Input data:
═══

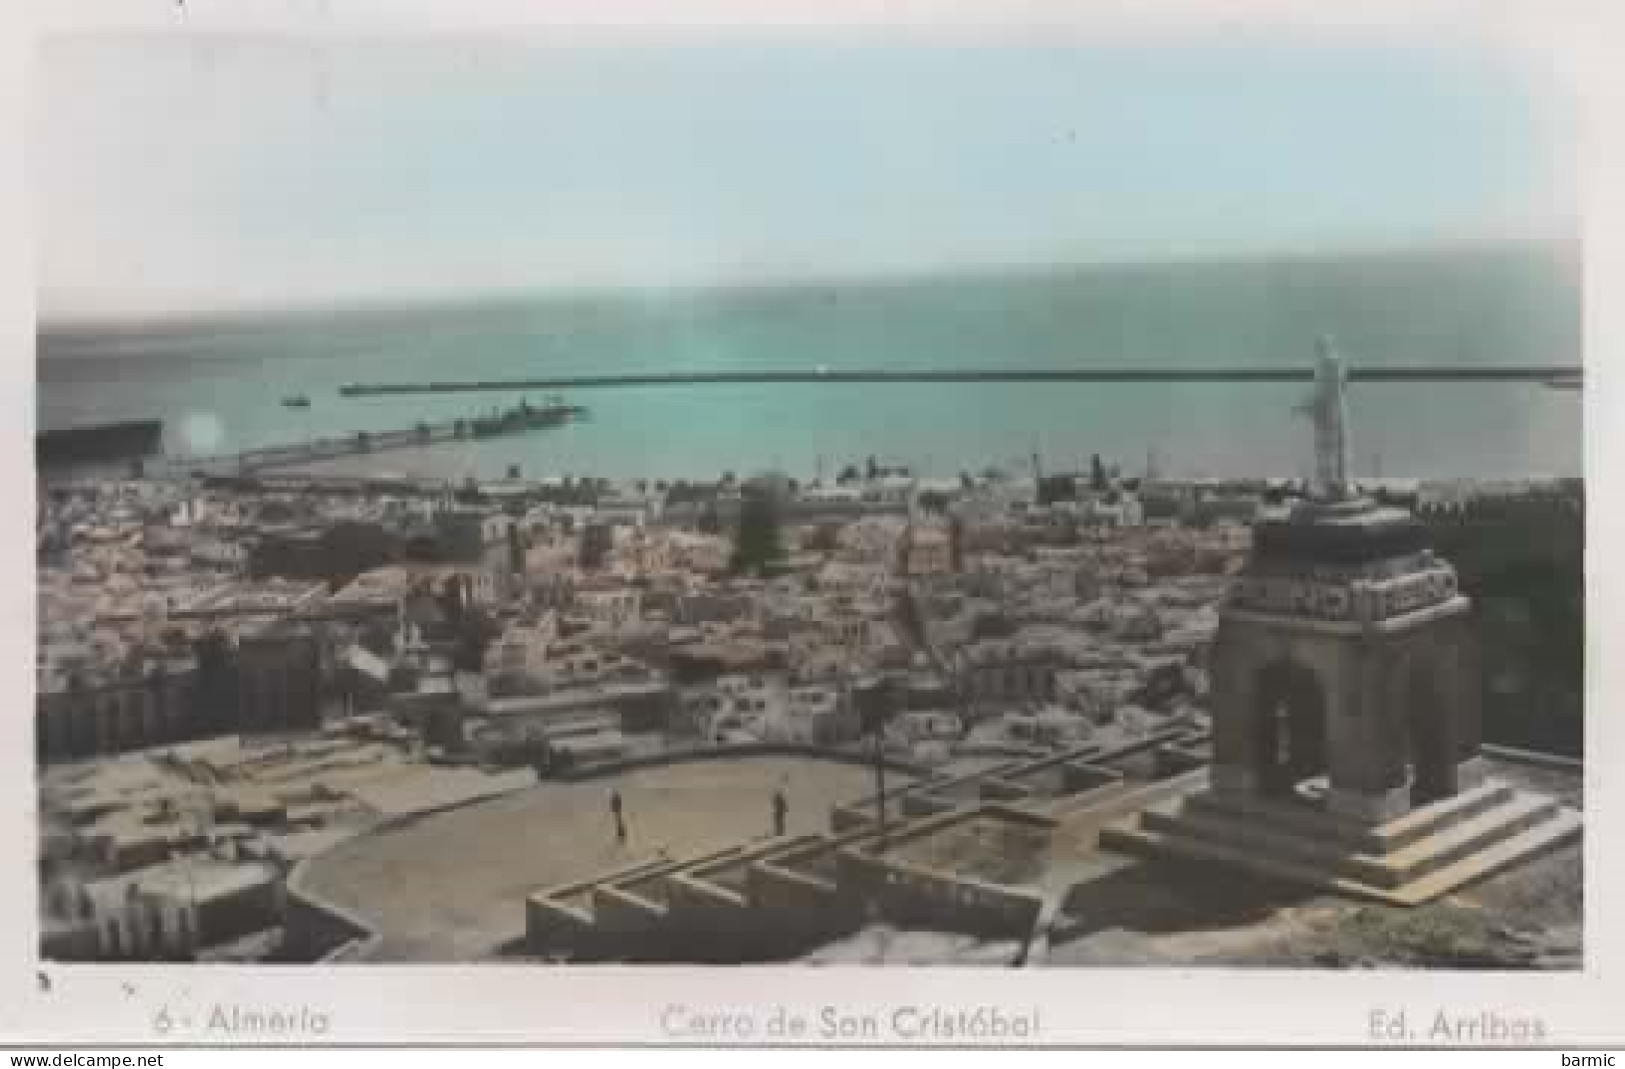 ALMERIA, CERRO DE SAN CRISTOBAL COULEUR REF 15903 - Almería
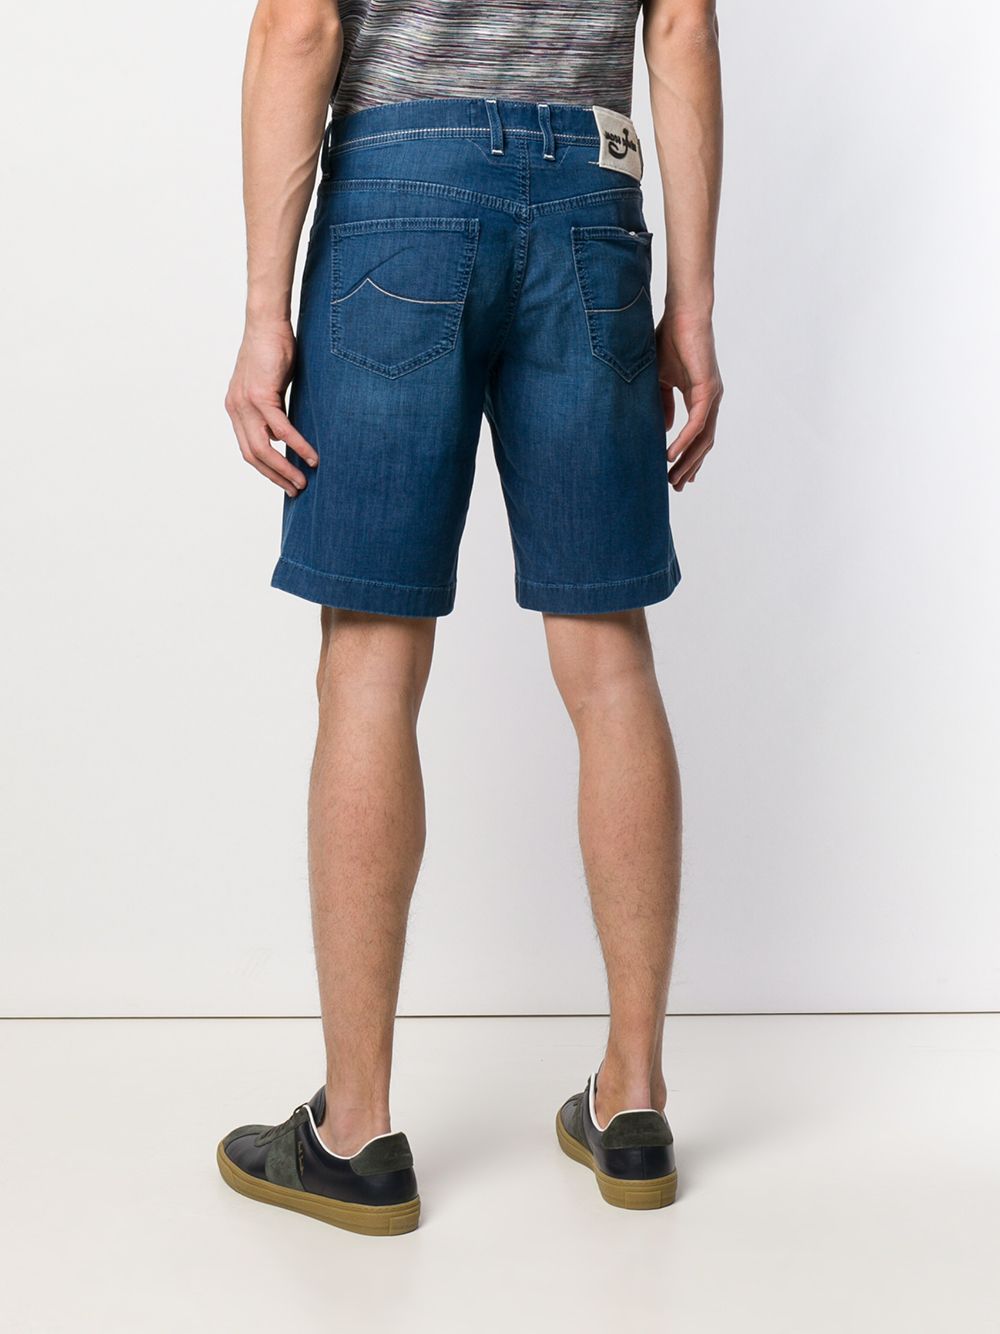 фото Jacob cohen джинсовые шорты строгого кроя
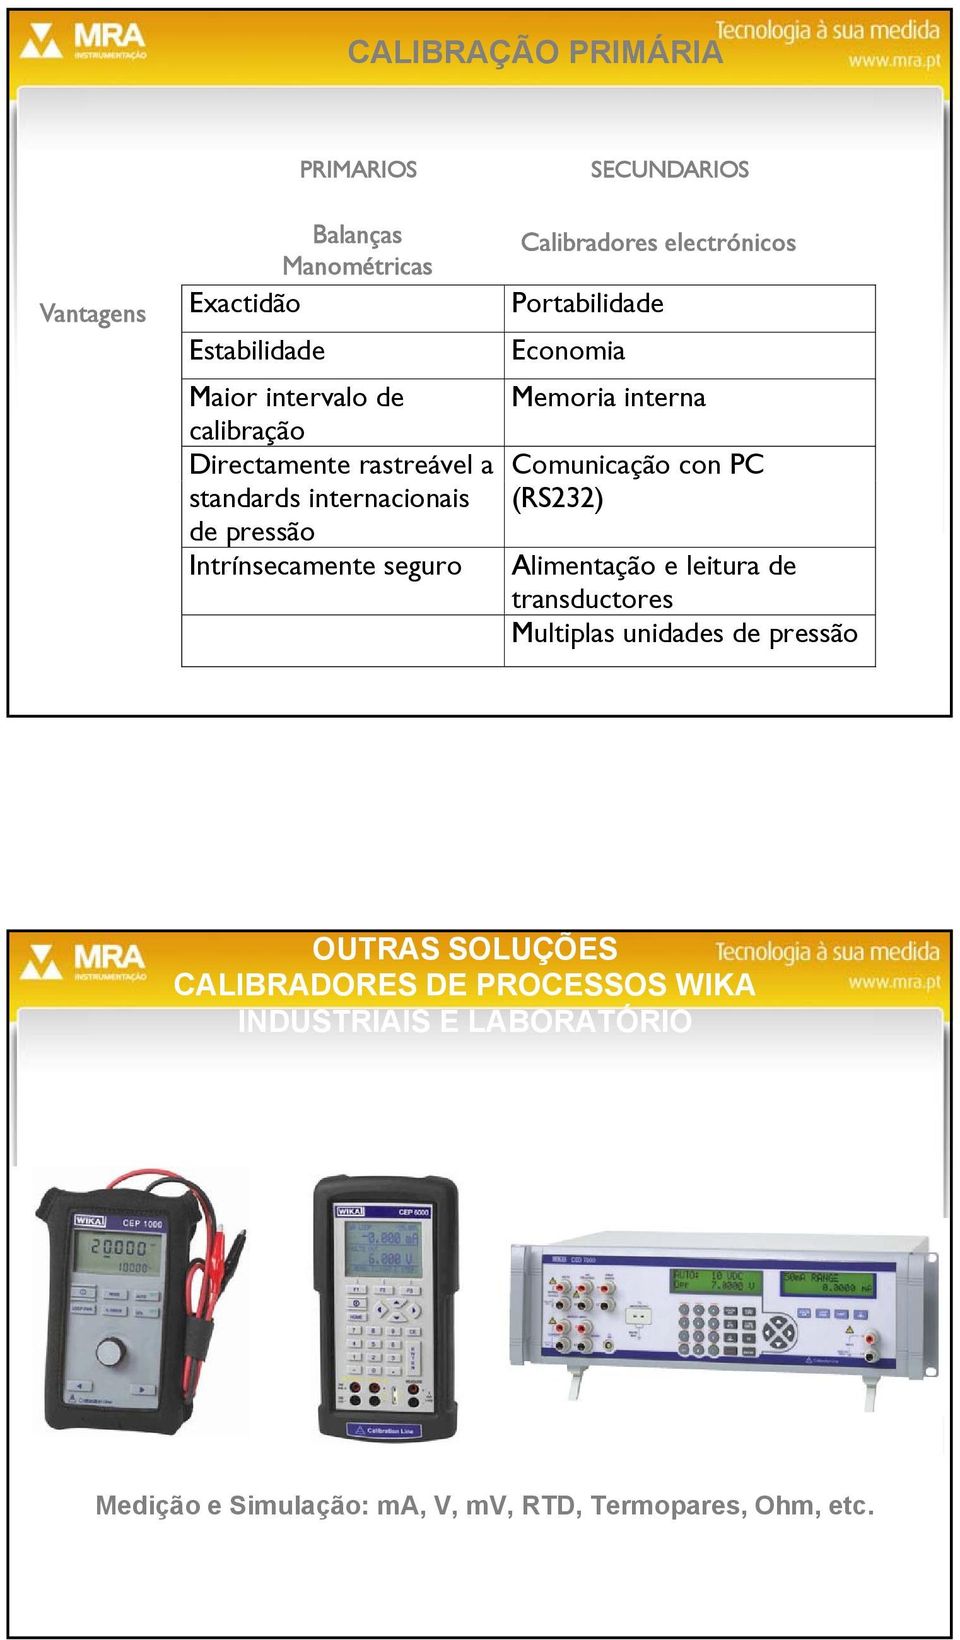 internacionais (RS232) de pressão Intrínsecamente seguro Alimentação e leitura de transductores Multiplas unidades de pressão
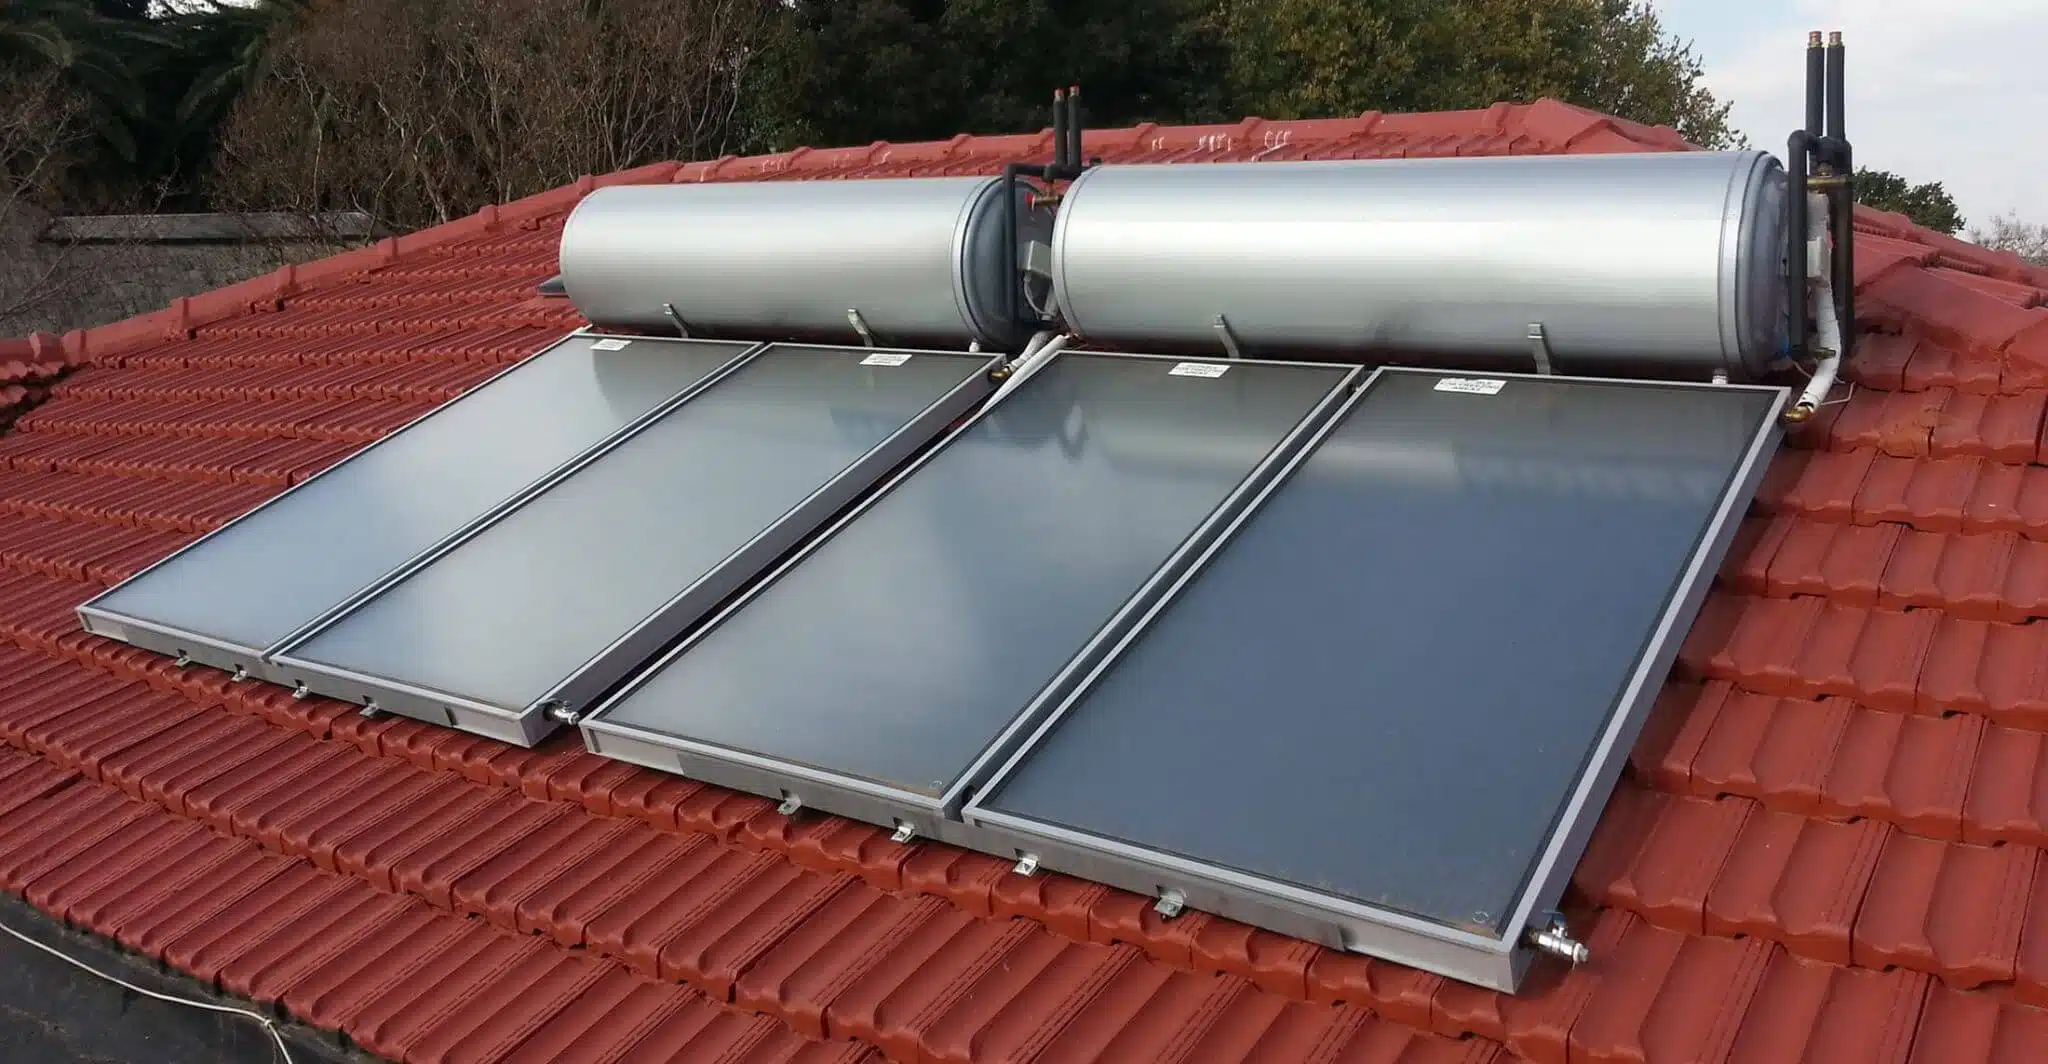 تصویری از آبگرمکن های خورشیدی که به وسیله صفحات تخت کلکتور پوشانده شده است. نمای سقف رنگ قرمز دارد

═══

Your goal: In your copy, leave out the pictures and reproduce the material above exactly.

Task response:
 ALMERIA, CERRO DE SAN CRISTOBAL COULEUR REF 15903 - Almería
 фото Jacob cohen джинсовые шорты строгого кроя
 internacionais (RS232) de pressão Intrínsecamente seguro Alimentação e leitura de transductores Multiplas unidades de pressão
 تصویری از آبگرمکن های خورشیدی که به وسیله صفحات تخت کلکتور پوشانده شده است. نمای سقف رنگ قرمز دارد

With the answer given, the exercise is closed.